- _Data shown_:
----------

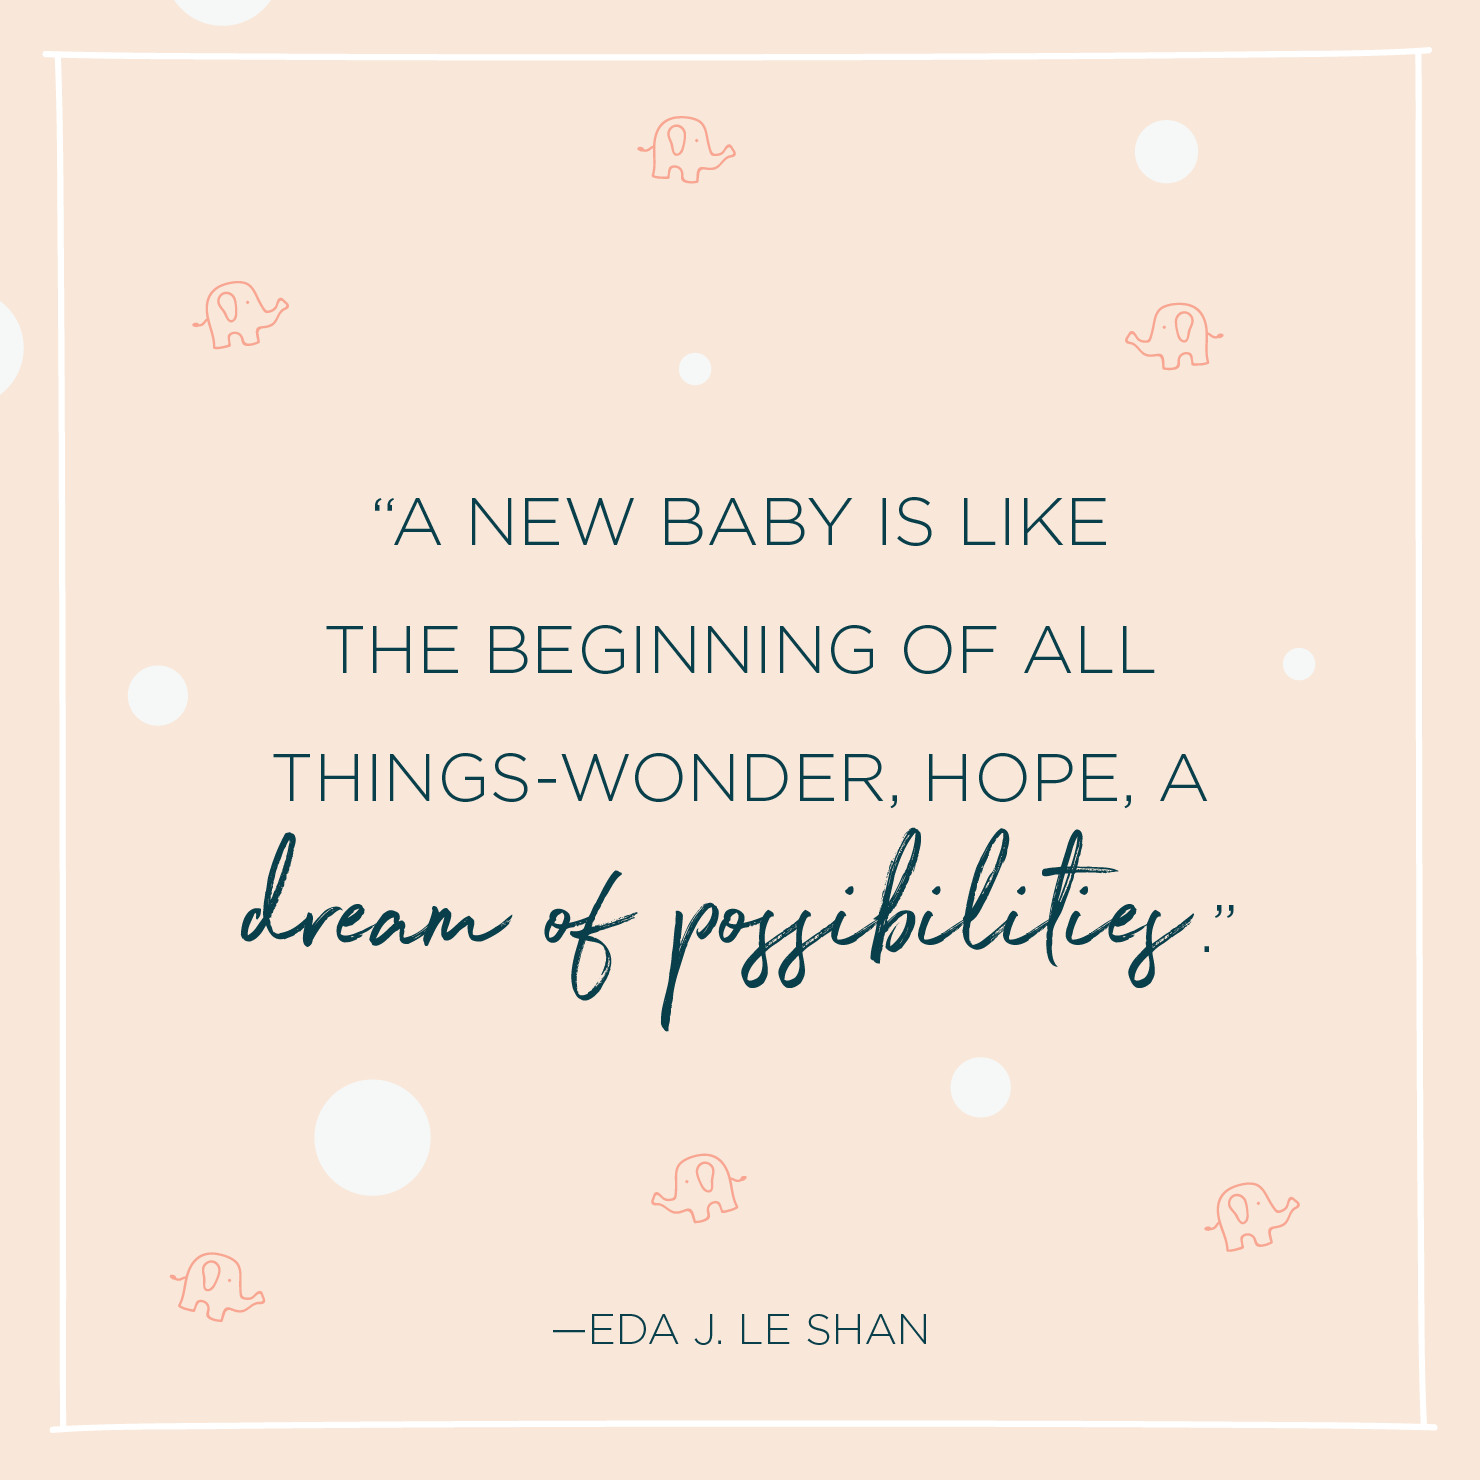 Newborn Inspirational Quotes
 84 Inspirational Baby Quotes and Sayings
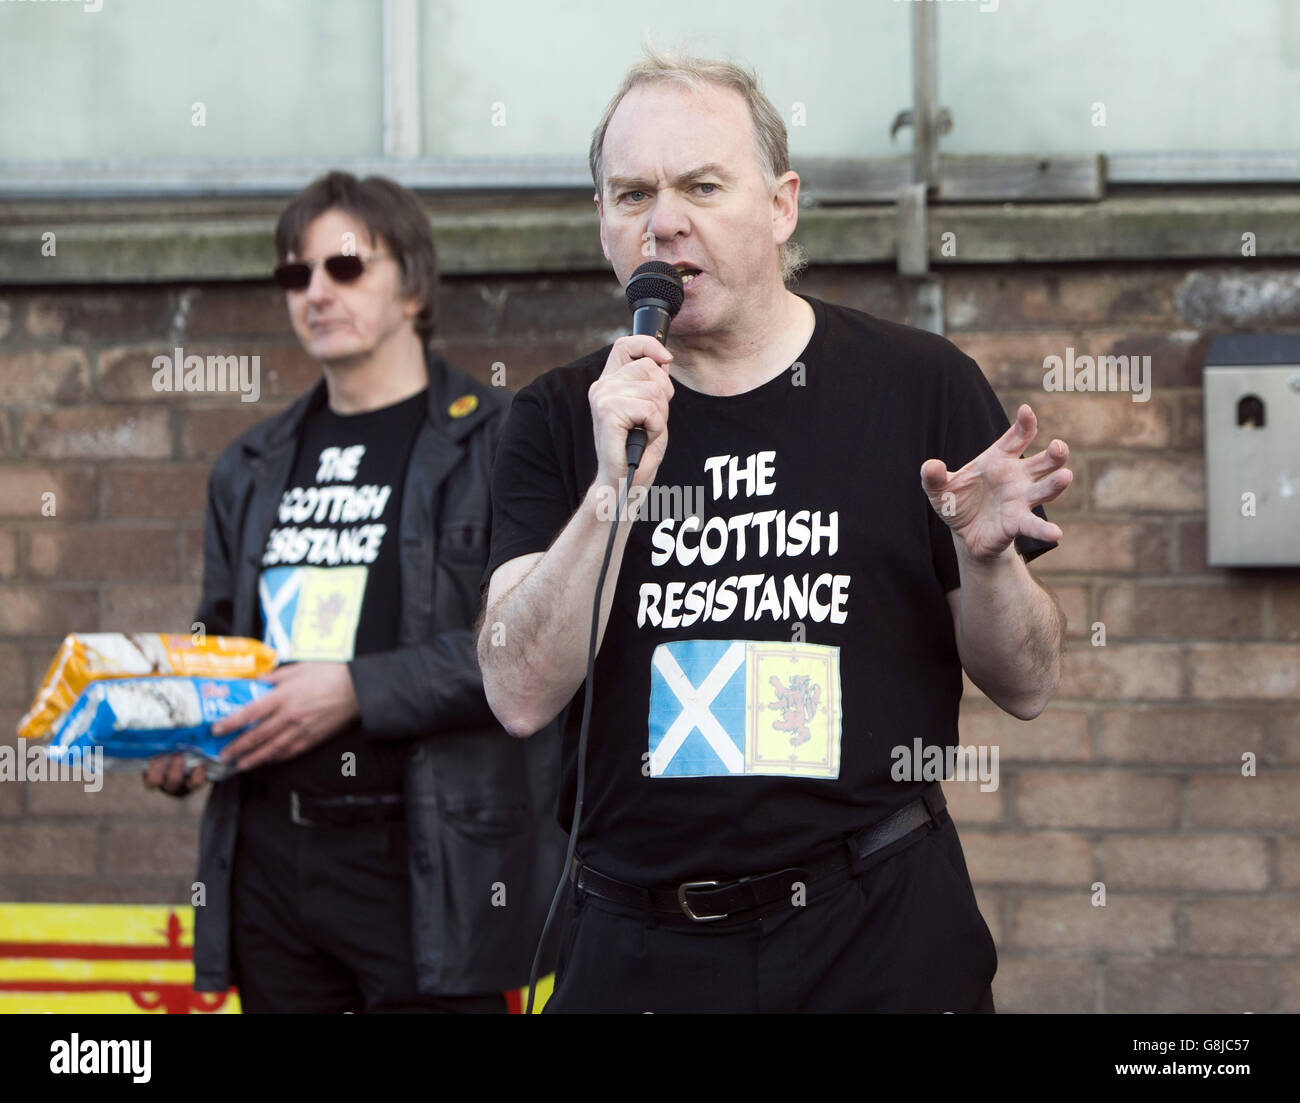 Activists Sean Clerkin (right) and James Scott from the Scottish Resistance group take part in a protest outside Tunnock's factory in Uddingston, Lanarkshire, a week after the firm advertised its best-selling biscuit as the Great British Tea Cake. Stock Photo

----------

- _Exercise directions_:
Once the pictures are set aside, give the listing again word for word.

- _Reply_:
 Newborn Inspirational Quotes
 84 Inspirational Baby Quotes and Sayings
 Activists Sean Clerkin (right) and James Scott from the Scottish Resistance group take part in a protest outside Tunnock's factory in Uddingston, Lanarkshire, a week after the firm advertised its best-selling biscuit as the Great British Tea Cake. Stock Photo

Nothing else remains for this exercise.